To improve upon our baseline model, we added features that we thought would enhance our model’s predictive power. We added three new quantitative features from the nutrition column that were chosen based on their potential influence on cooking time:

calories: Recipes with higher calorie counts may result in longer cooking times because the food could be more rich or dense.

protein: Higher protein suggests cooking meat or fish, which could increase cooking time due to the need to cook and marinate the protein.

sugar: high sugar content could suggest a dessert or baked good, which might take longer due to the baking time.

These features were added because they show how the nutritional complexity of a recipe could affect its cooking time.

Feature Engineering

We used a RandomForestRegressor, a non-linear method that can properly handle complex relationships between features.
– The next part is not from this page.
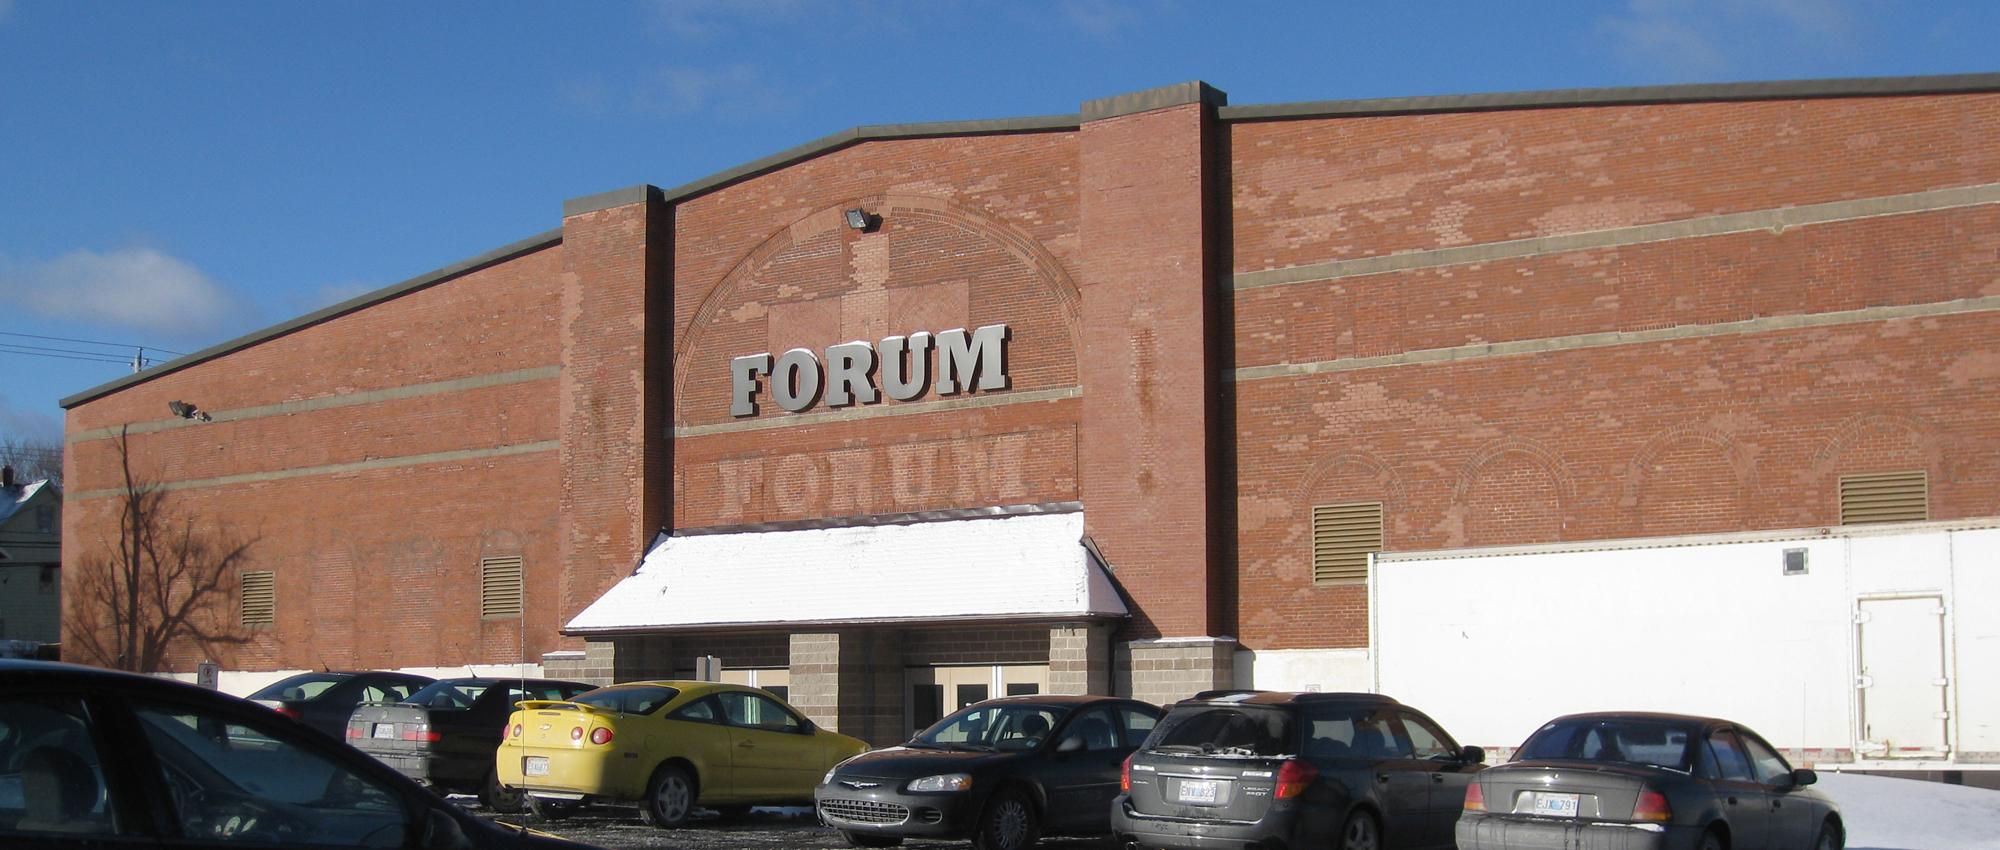 Ns Forum

Our final feature set included: n_ingredients, n_steps, calories, protein, and sugar. Since there were no qualitative features, we did not use encoding. However, we did standardize the data with StandardScaler and implemented a pipeline in sklearn to ensure clean preprocessing.

Algorithm and Hyperparameter

Then, we used GridSearchCV to search over two important hyperparameters: n_estimators and max_depth. We tested n_estimators with values of 50 and 100, and max_depth with values of 5, 10, and None. The best combination with the highest performance was found when n_estimators = 100 and max_depth = None. The final model has a Mean Squared Error of 1180.44 squared minutes, which is a huge improvement from the baseline model. The final model is off by an average of 34.4 minutes per recipe, which is a significant improvement over the baseline model’s error. Therefore, the final model is significantly more accurate than the baseline model. This is likely due to the final model’s added features that reflect real differences in recipe complexity.

Model Performance

To visualize our model’s performance, we created a plot of the actual versus predicted cooking times. This visualization shows that most predictions fall close to the actual values, meaning that our model effectively captures the trends in the data.

This scatter plot compares the actual versus the predicted cooking times, showing that while predictions generally follow the overall trend, it is less accurate for super short or super long cooking times.